## DIRECTIONS
Set down the whole listing below exactly, without pictures.

## AVAILABLE DATA
============
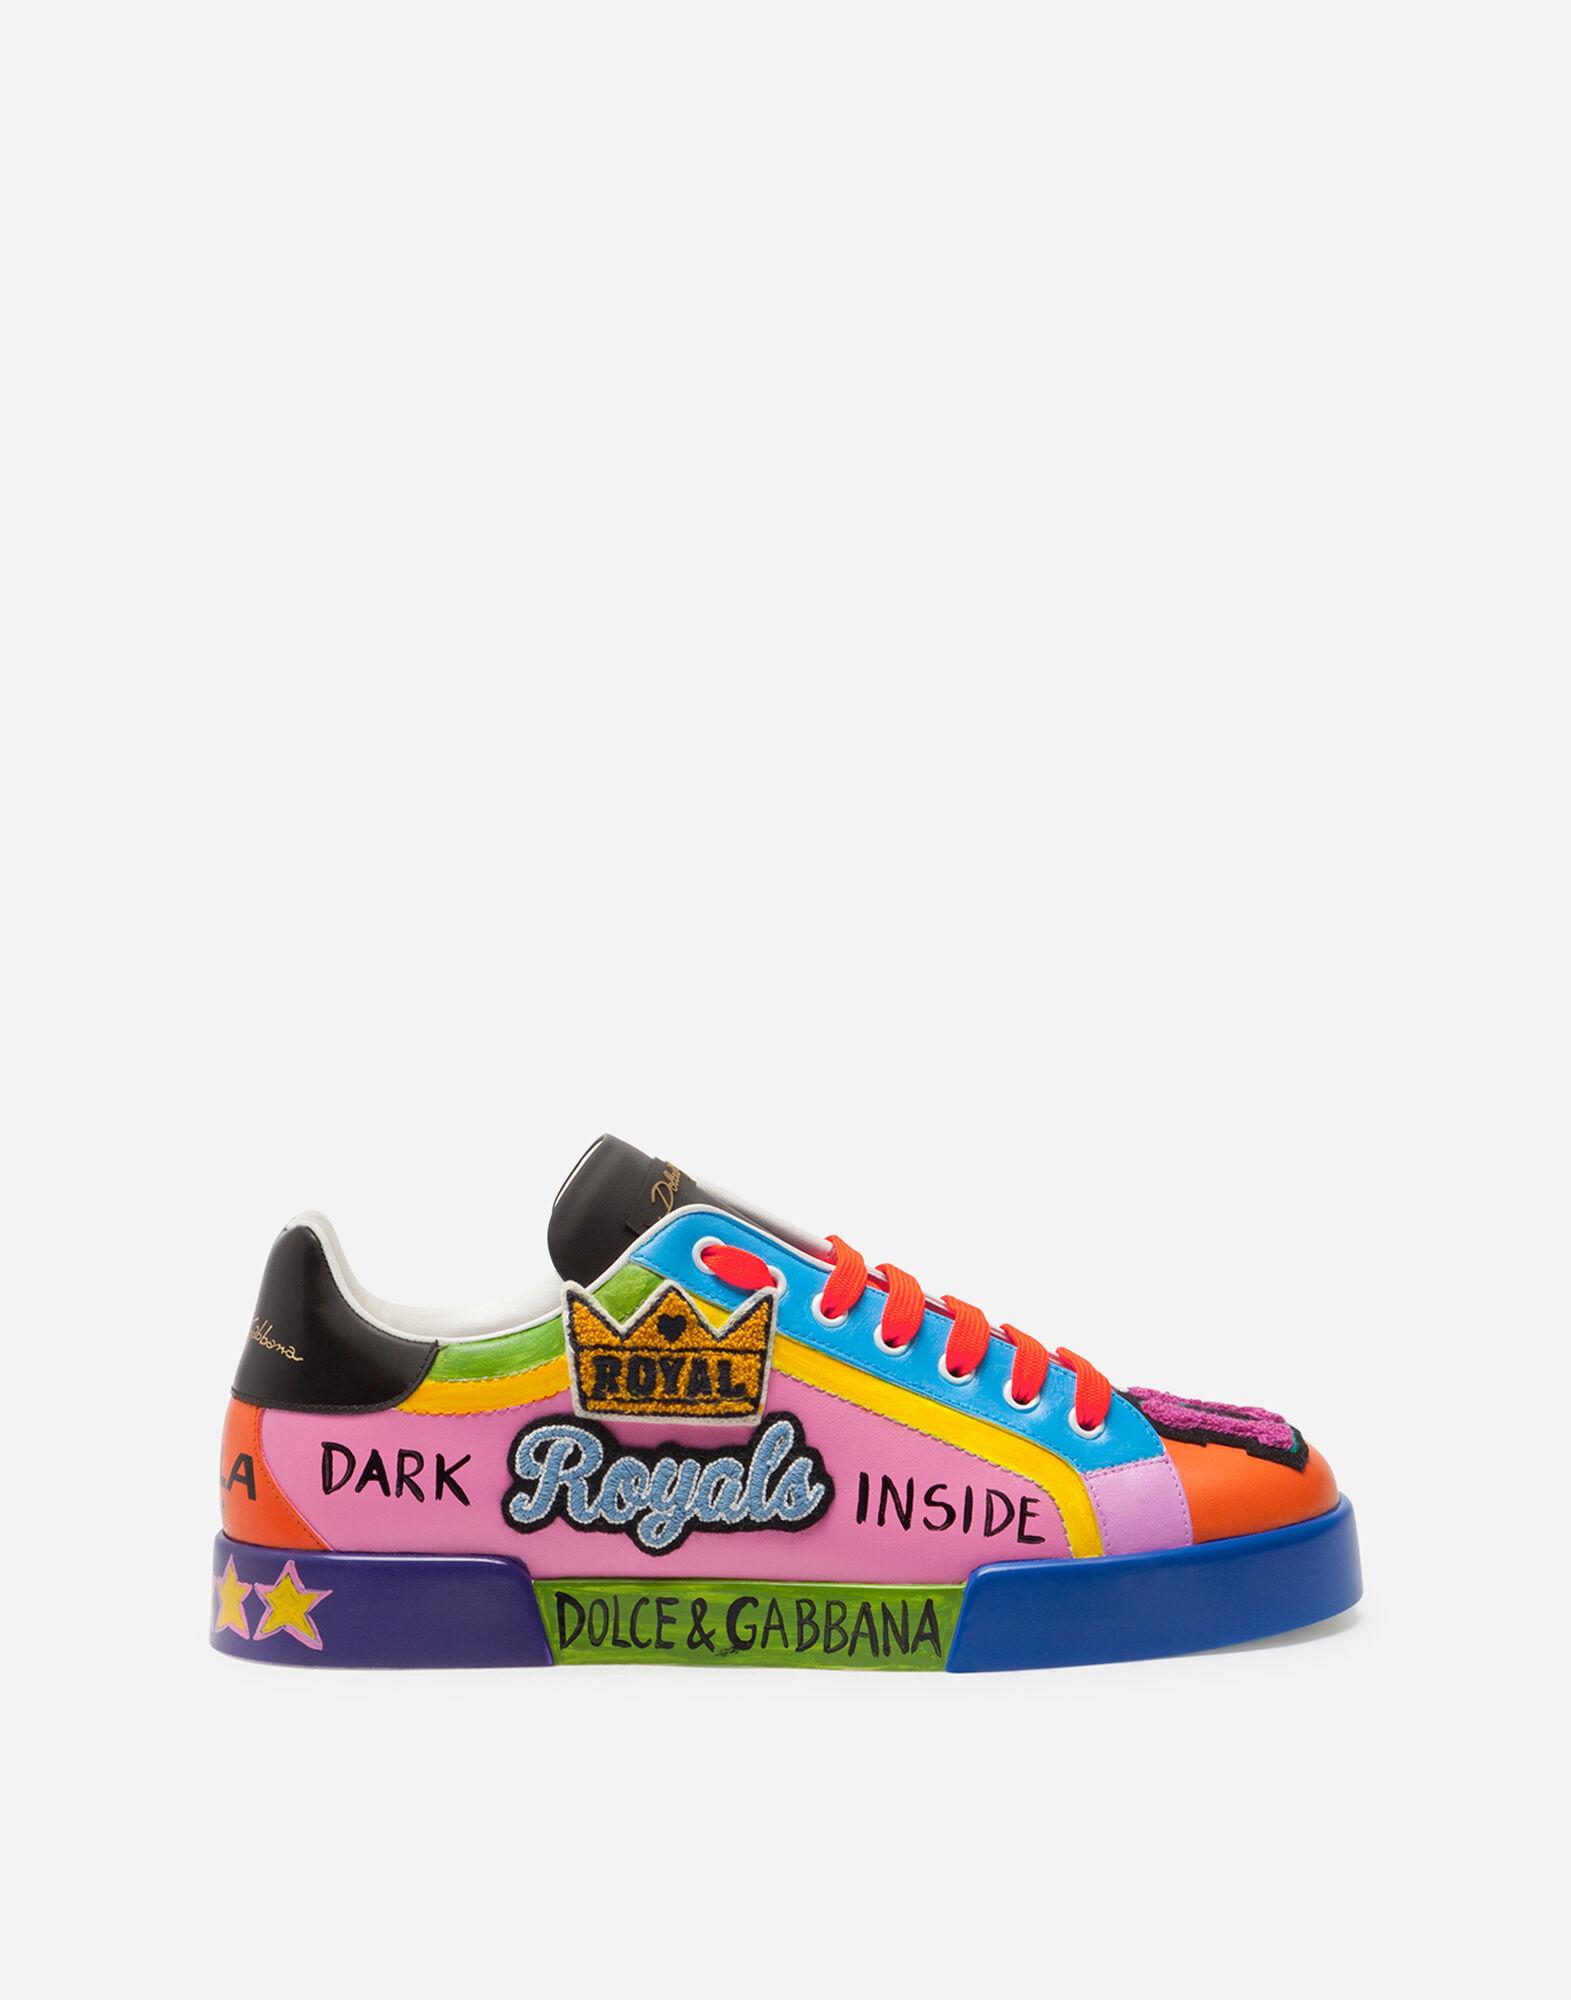 Sneakers et Slip on pour Homme   Dolce&Gabbana SNEAKERS PORTOFINO BY EMIS KILLA
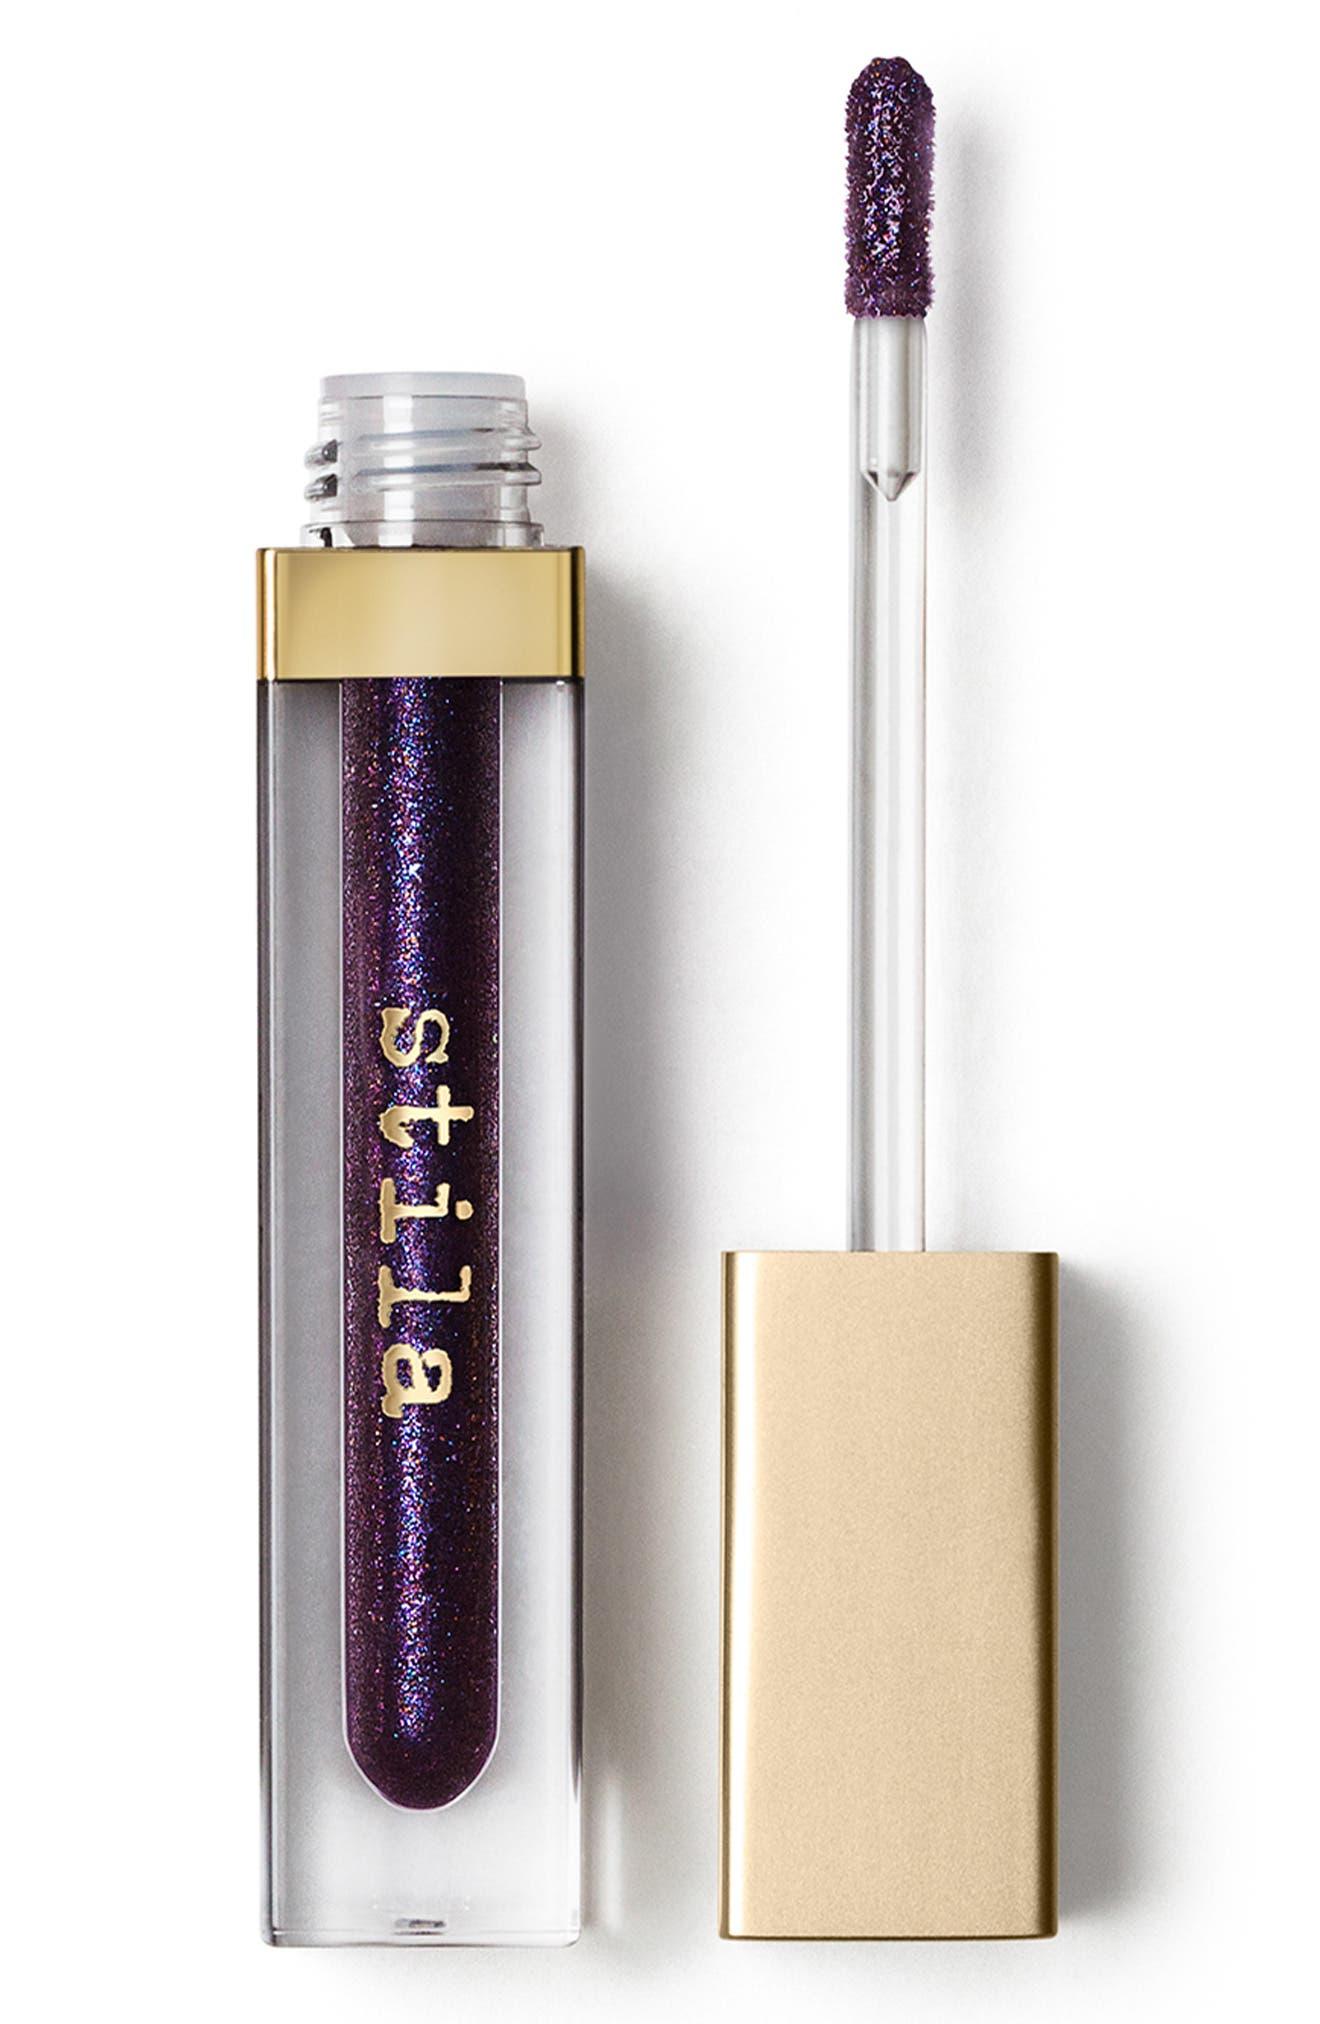 Image of Stila Beauty Boss Lip Gloss - In The Black
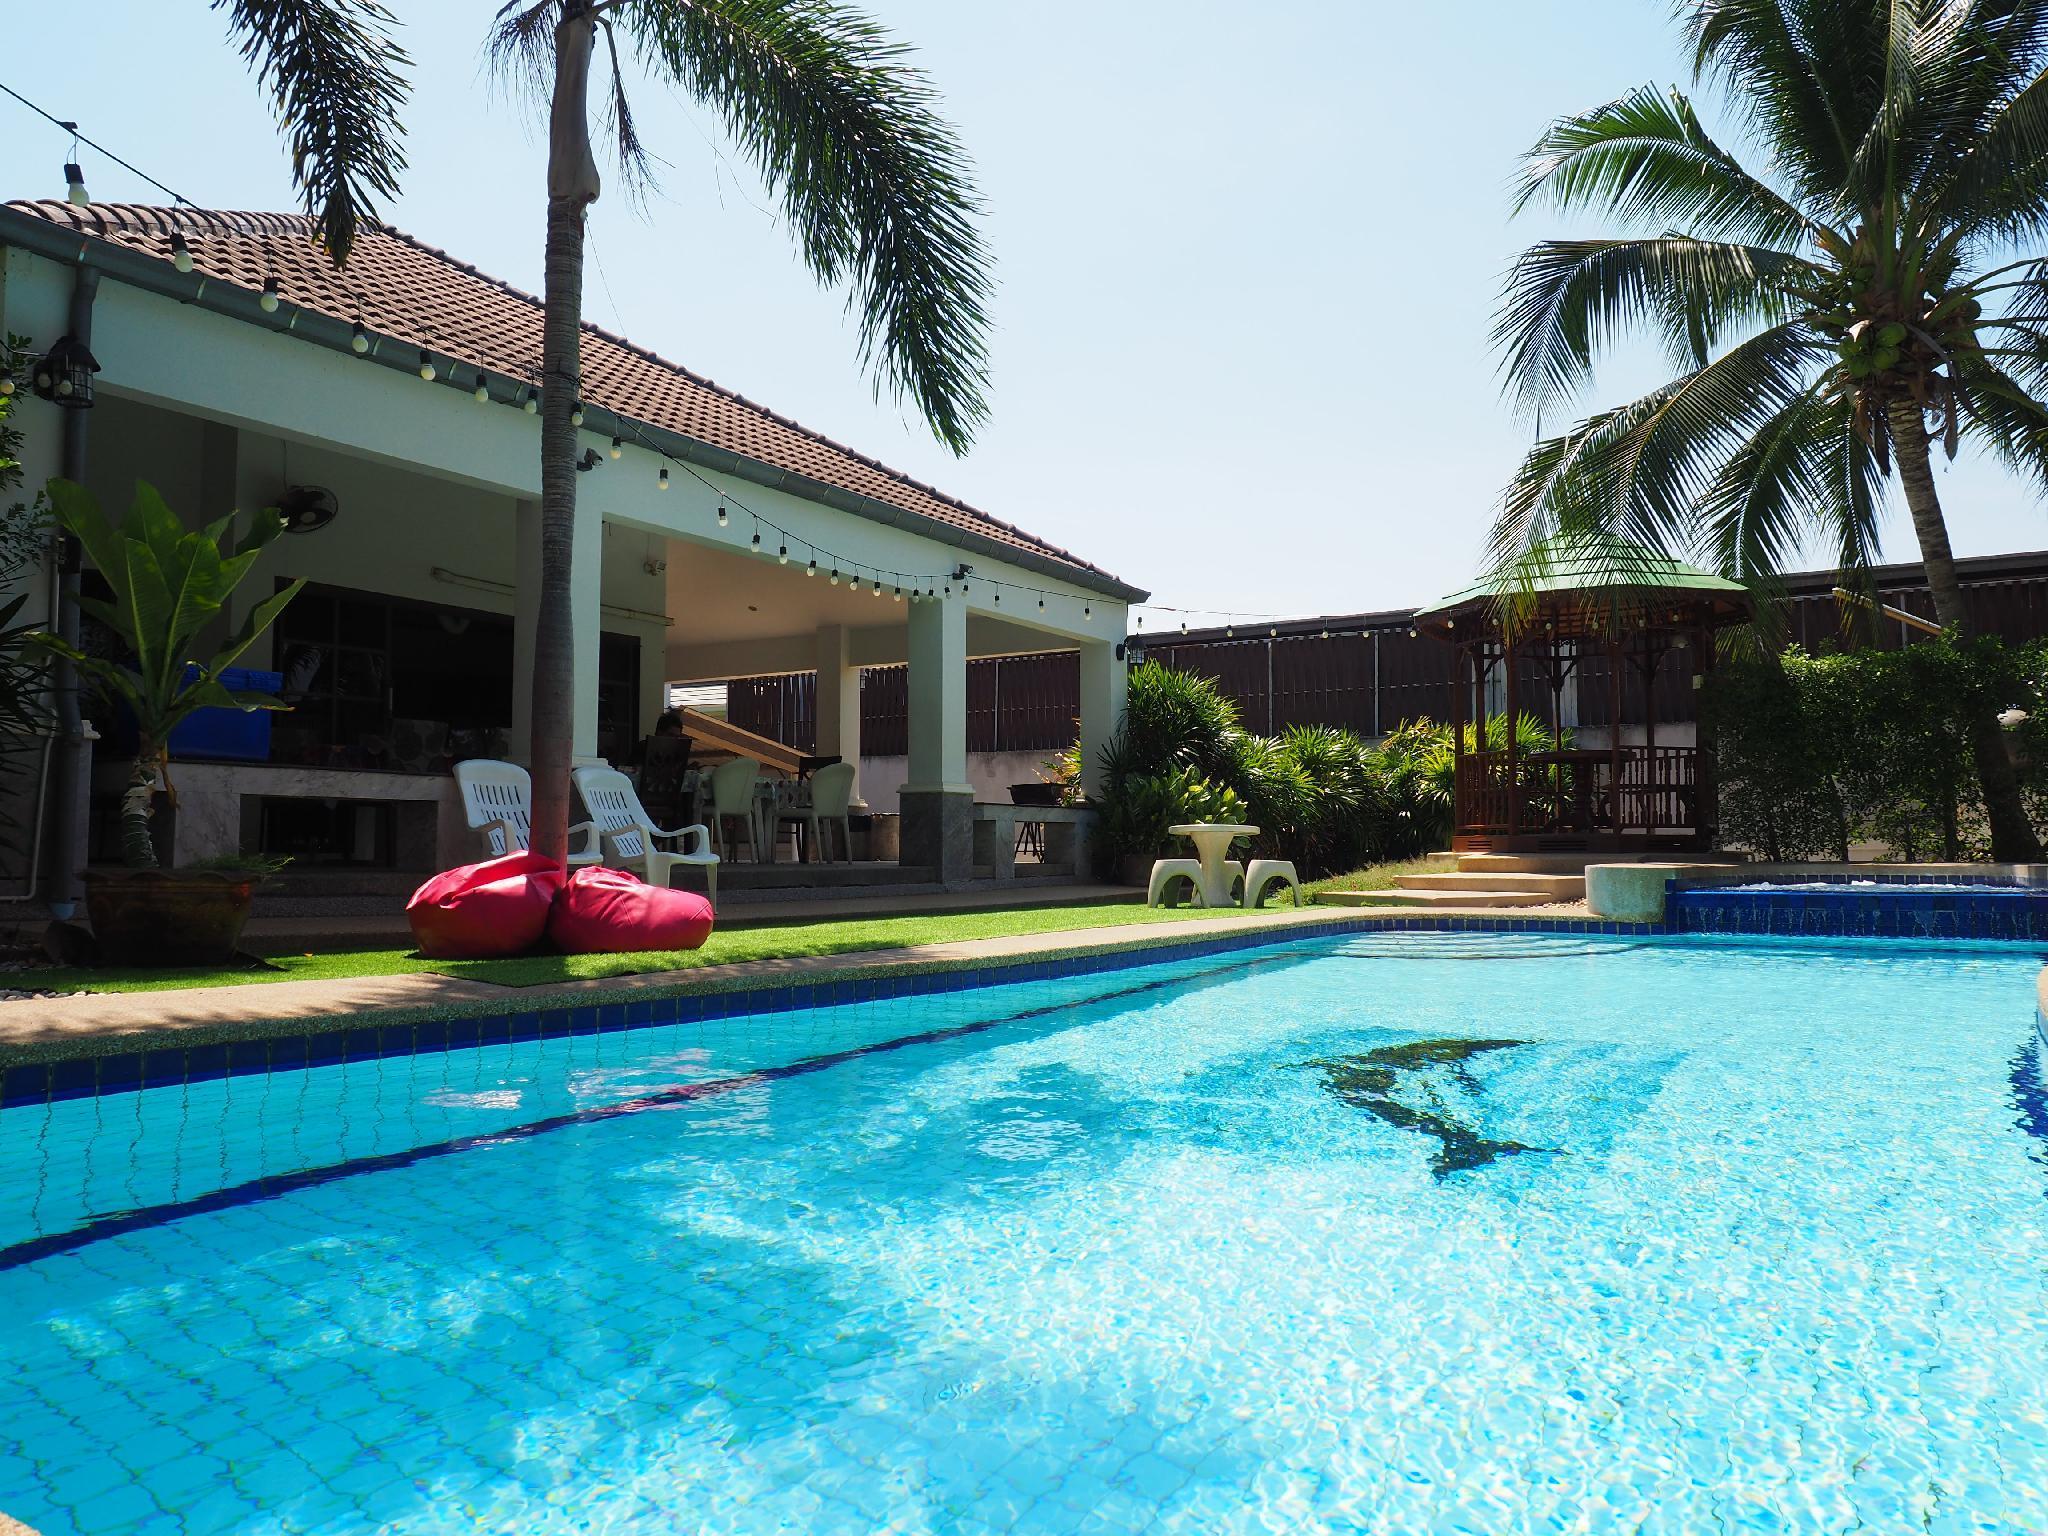 Sunset Party Pool Villa Hua Hin
============
## OUTPUT OF THE EXERCISE
 Sneakers et Slip on pour Homme   Dolce&Gabbana SNEAKERS PORTOFINO BY EMIS KILLA
 Image of Stila Beauty Boss Lip Gloss - In The Black
 Sunset Party Pool Villa Hua Hin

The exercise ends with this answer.